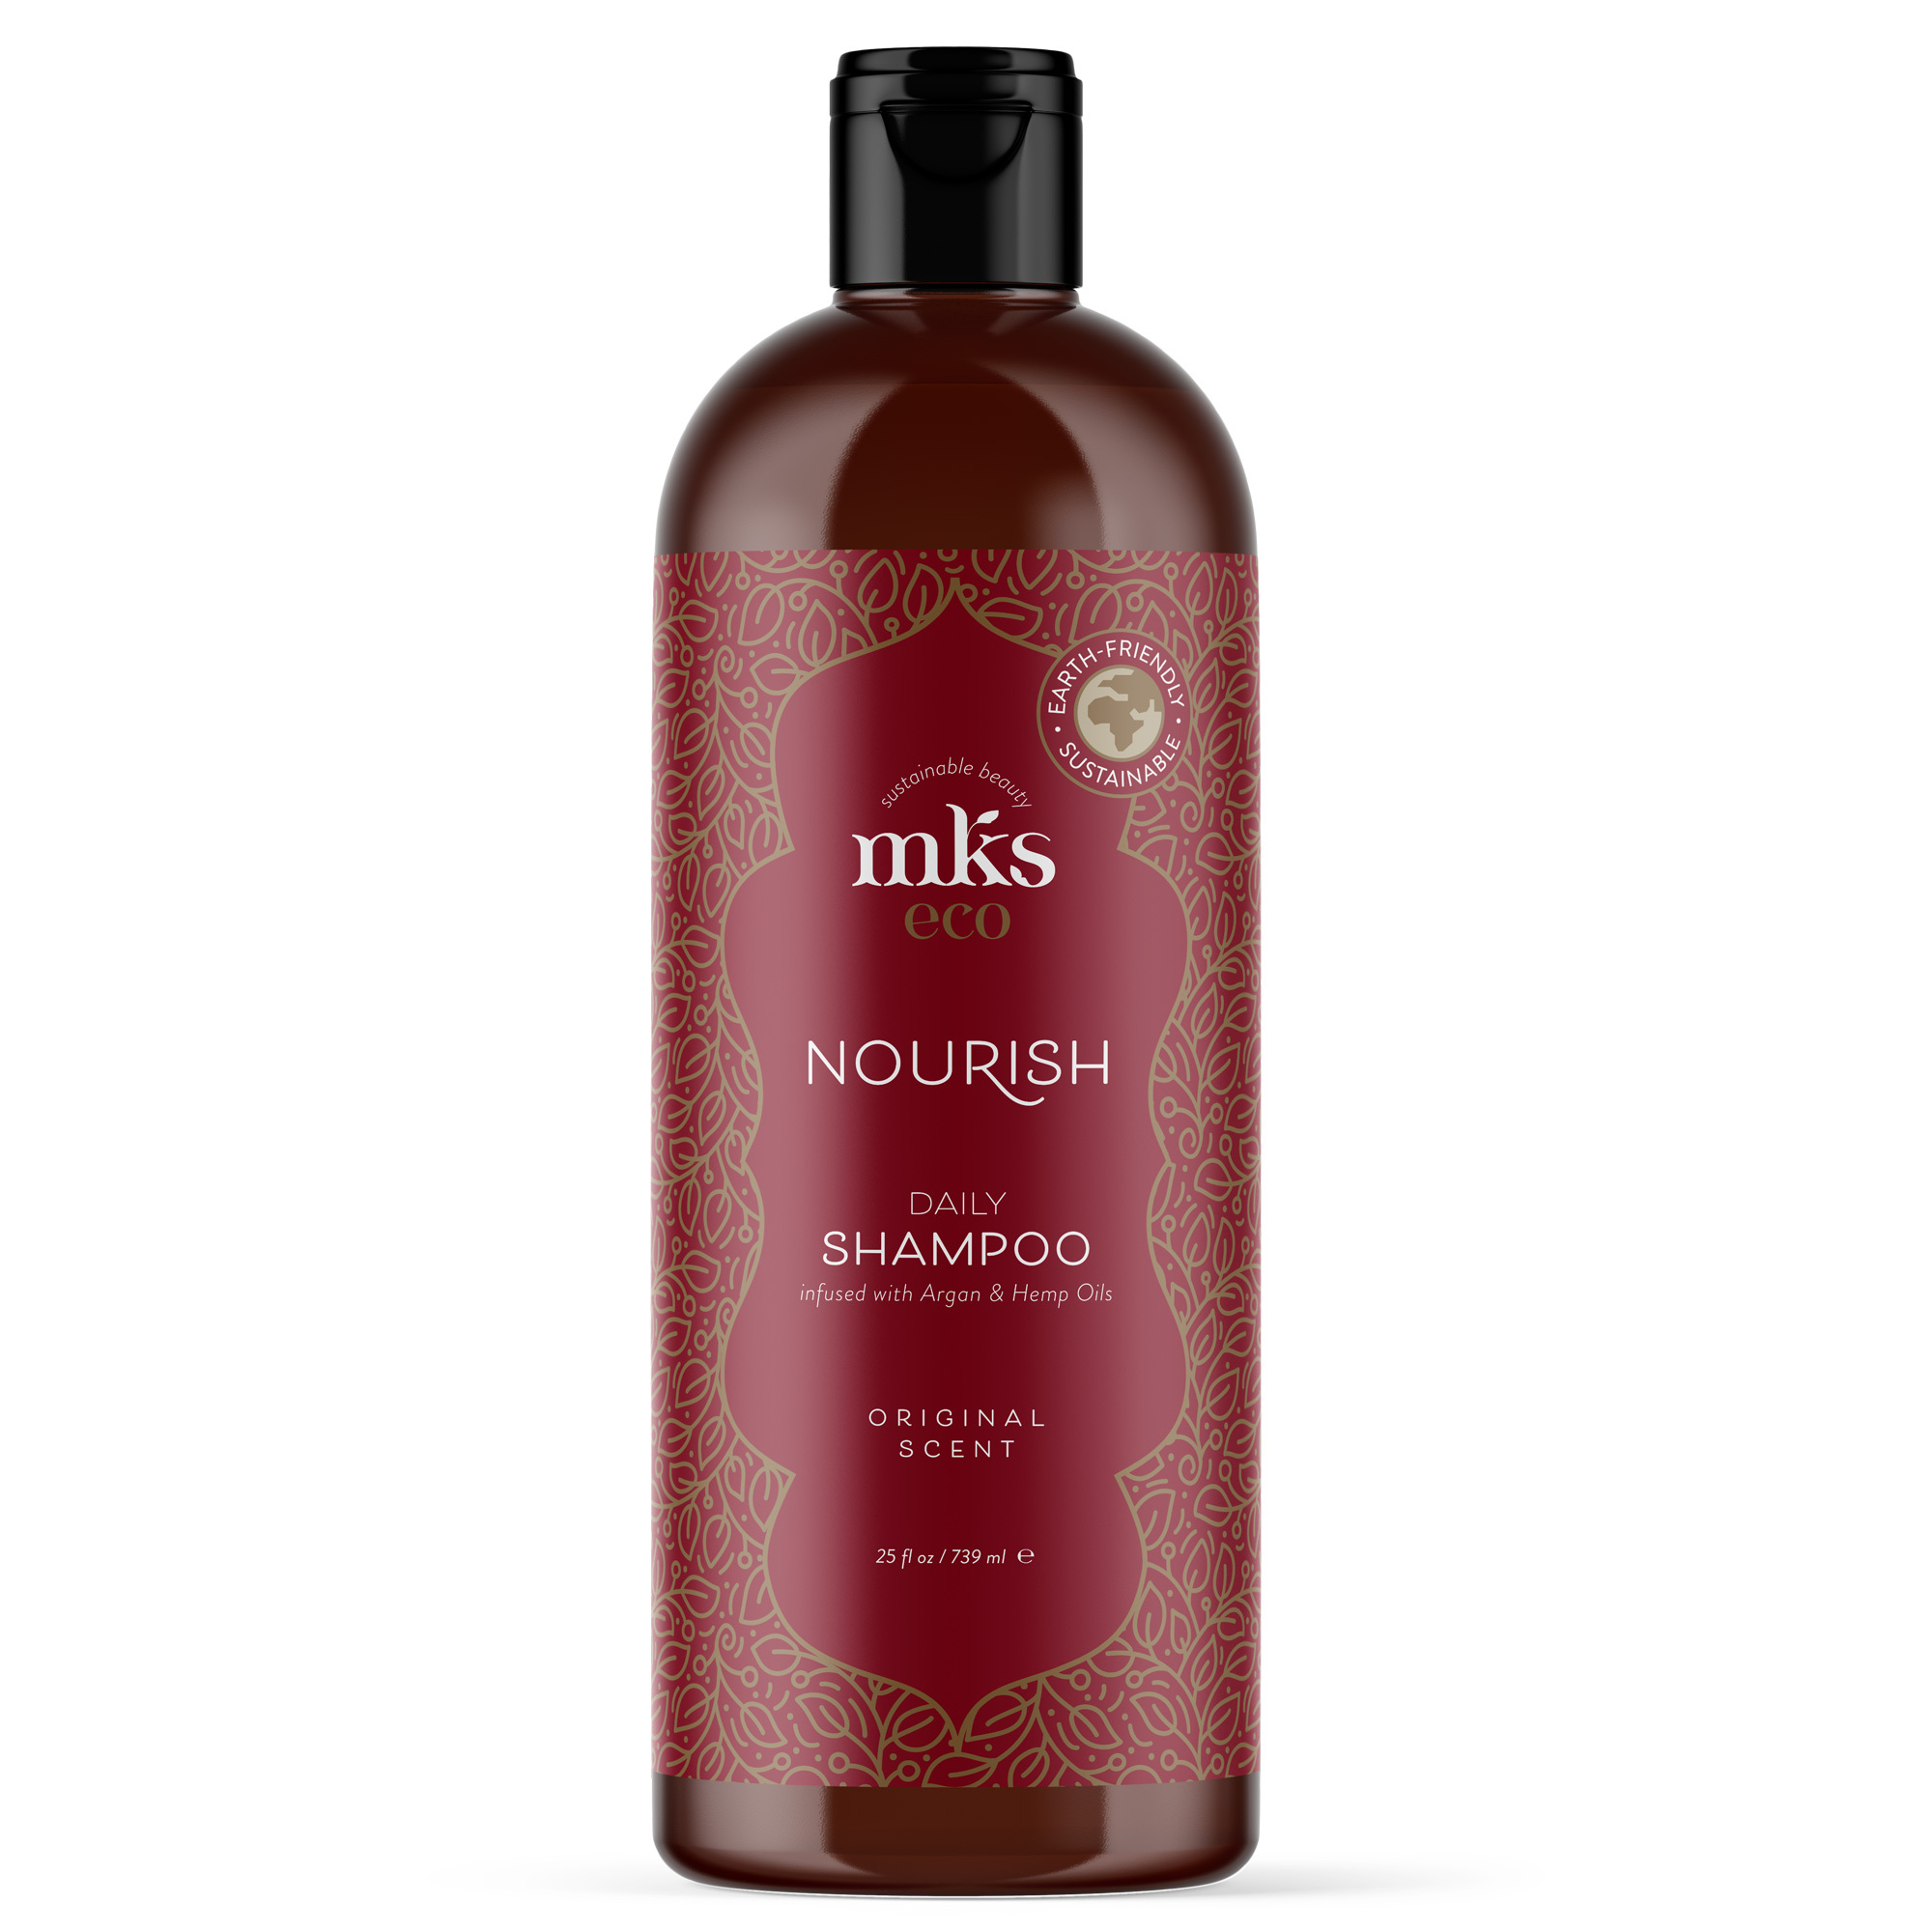 MKS eco mks ECO Shampoo - Original Scent
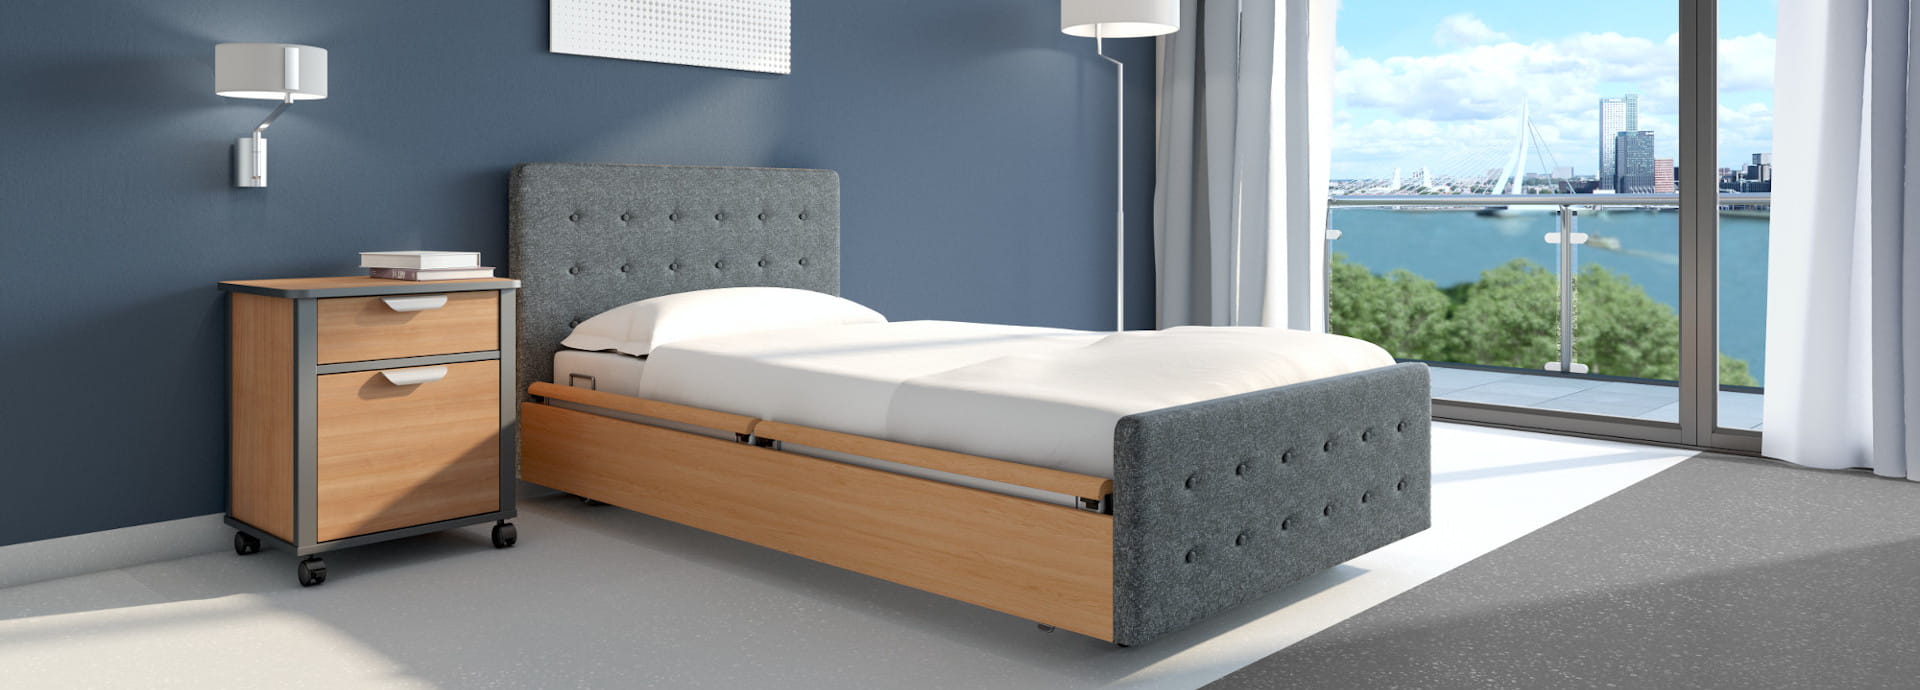 wissner-bosserhoff steht für hochwertige Pflegebetten für Altenheime, stationäre und teilstationäre Pflegeheime, Krankenhäuser und Kliniken.
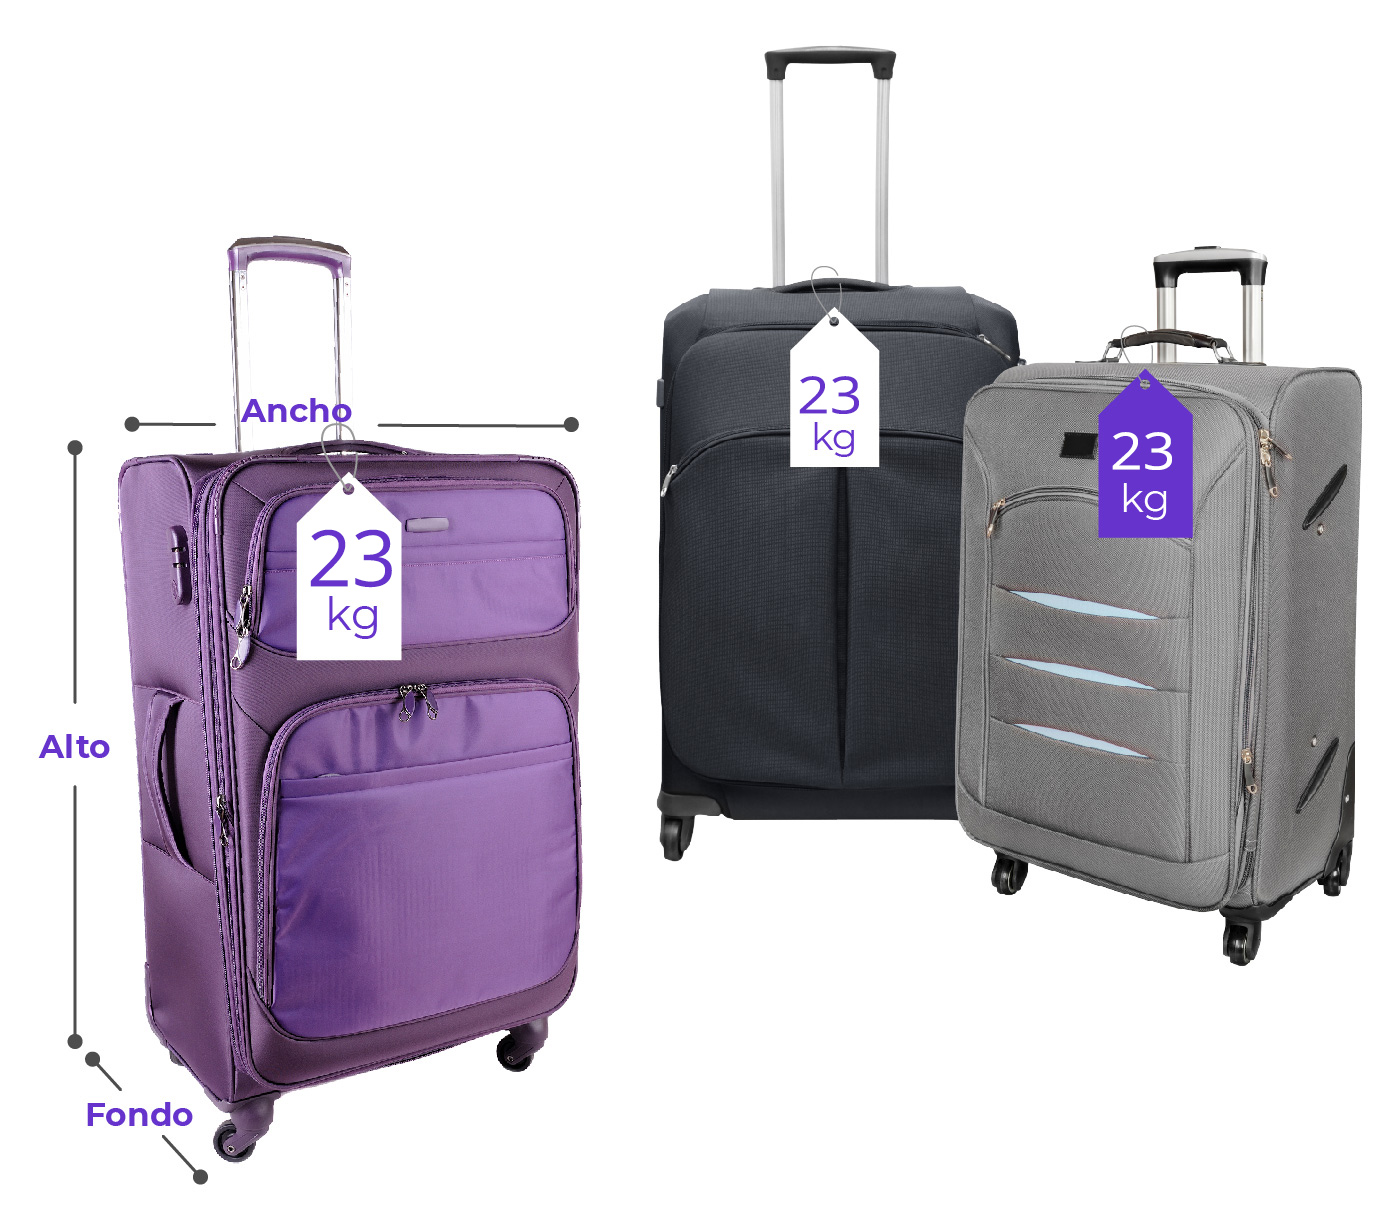 Componer muerte Oclusión Medidas de maletas permitidas para viajar en avión | Wingo
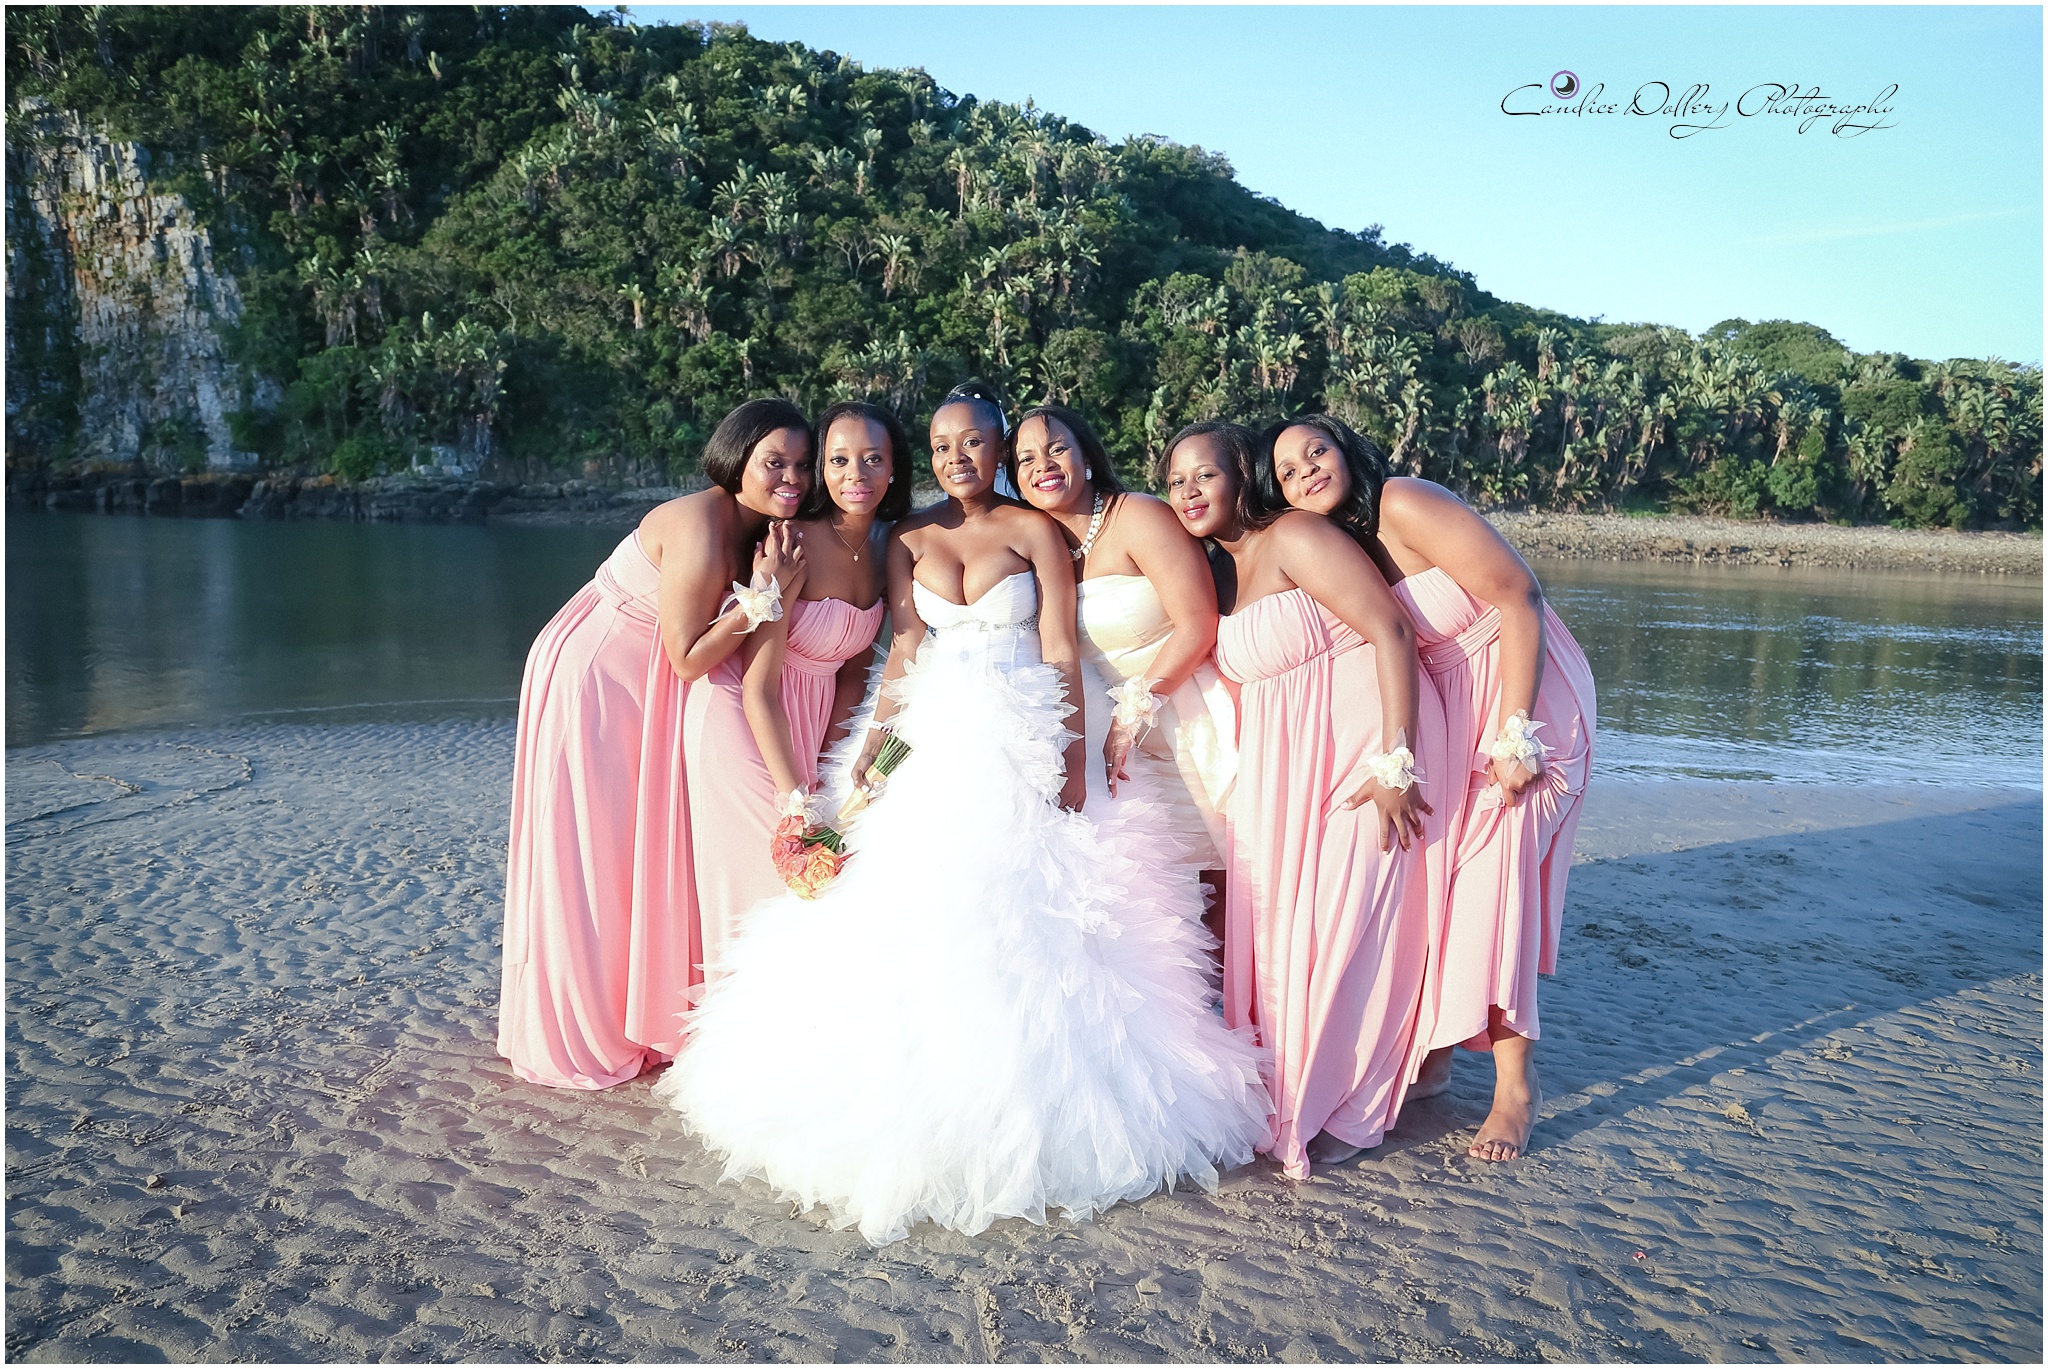 Beach Wedding photos-Candice Dollery Photograhy_3721

**Exercise goal**
Would you give again exactly the lines from the line containing "Componer muerte Oclusión" through the end of the listing, both ends included, without any pictures?

**Answer box**
 Componer muerte Oclusión Medidas de maletas permitidas para viajar en avión | Wingo
 Beach Wedding photos-Candice Dollery Photograhy_3721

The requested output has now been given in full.